PROVIDED DATA »
--*--

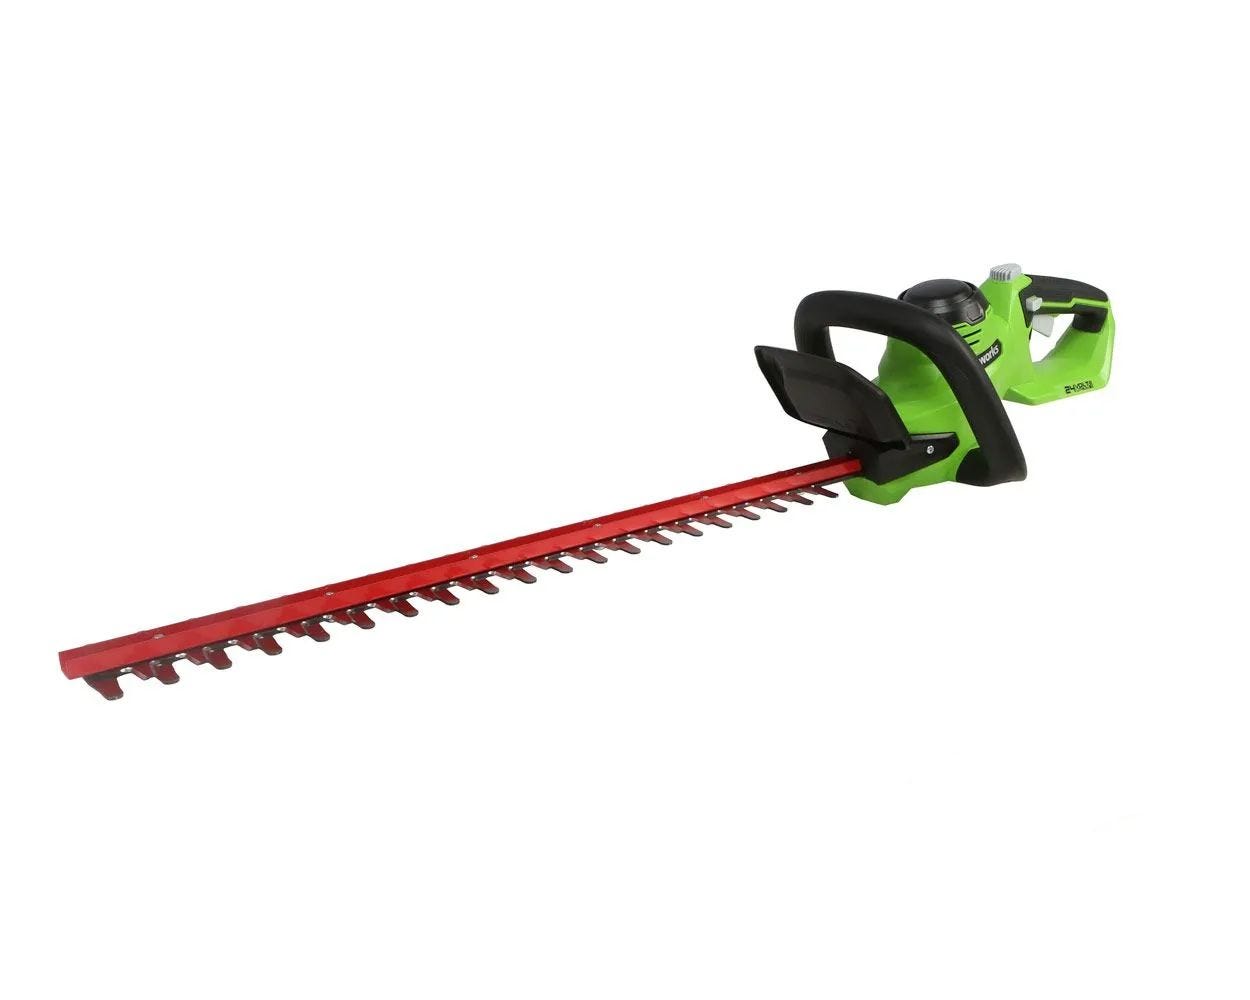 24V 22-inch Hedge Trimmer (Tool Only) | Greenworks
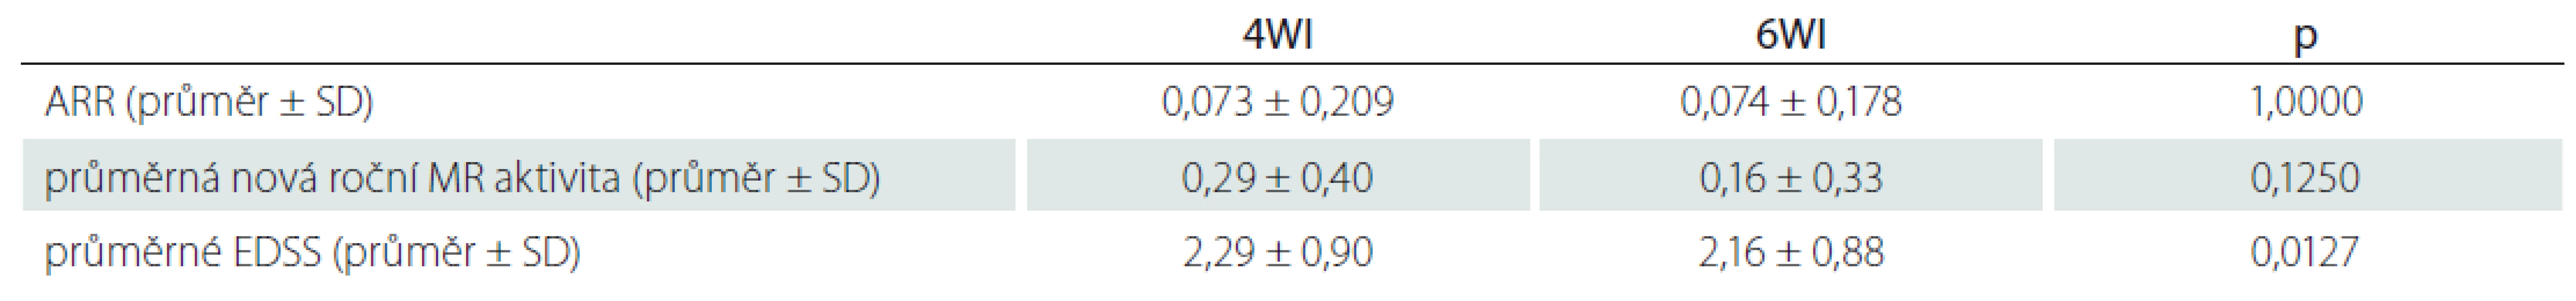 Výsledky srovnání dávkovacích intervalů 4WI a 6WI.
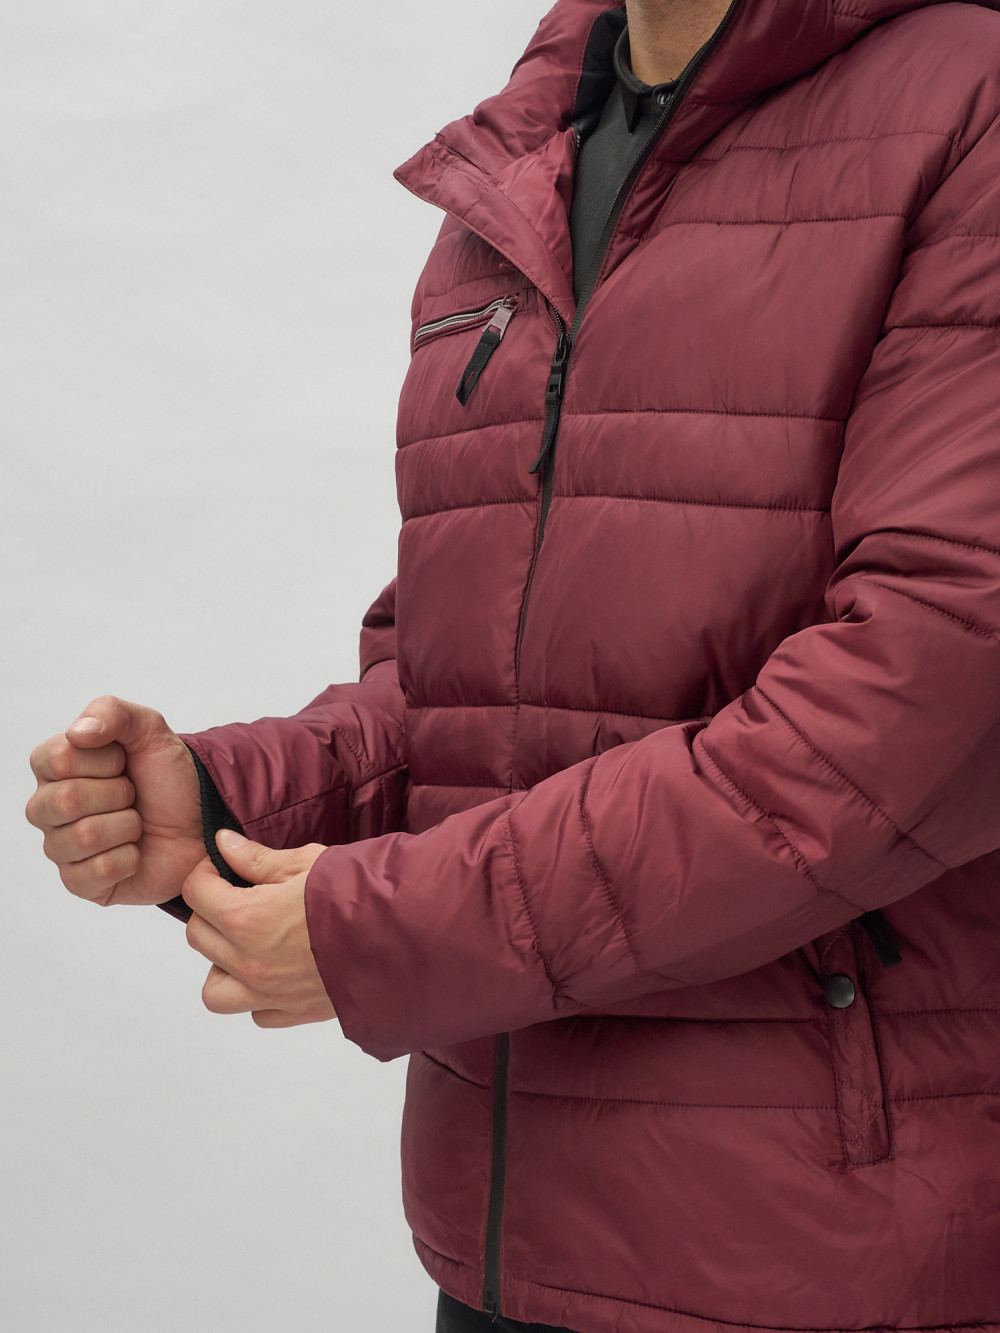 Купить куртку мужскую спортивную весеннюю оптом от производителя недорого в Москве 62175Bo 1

--*--

WORK INSTRUCTIONS » The listing is to be reproduced in full and exactly, except that its pictures are to be dropped.

FINISHED EXERCISE »
 24V 22-inch Hedge Trimmer (Tool Only) | Greenworks
 Výsledky srovnání dávkovacích intervalů 4WI a 6WI.
 Купить куртку мужскую спортивную весеннюю оптом от производителя недорого в Москве 62175Bo 1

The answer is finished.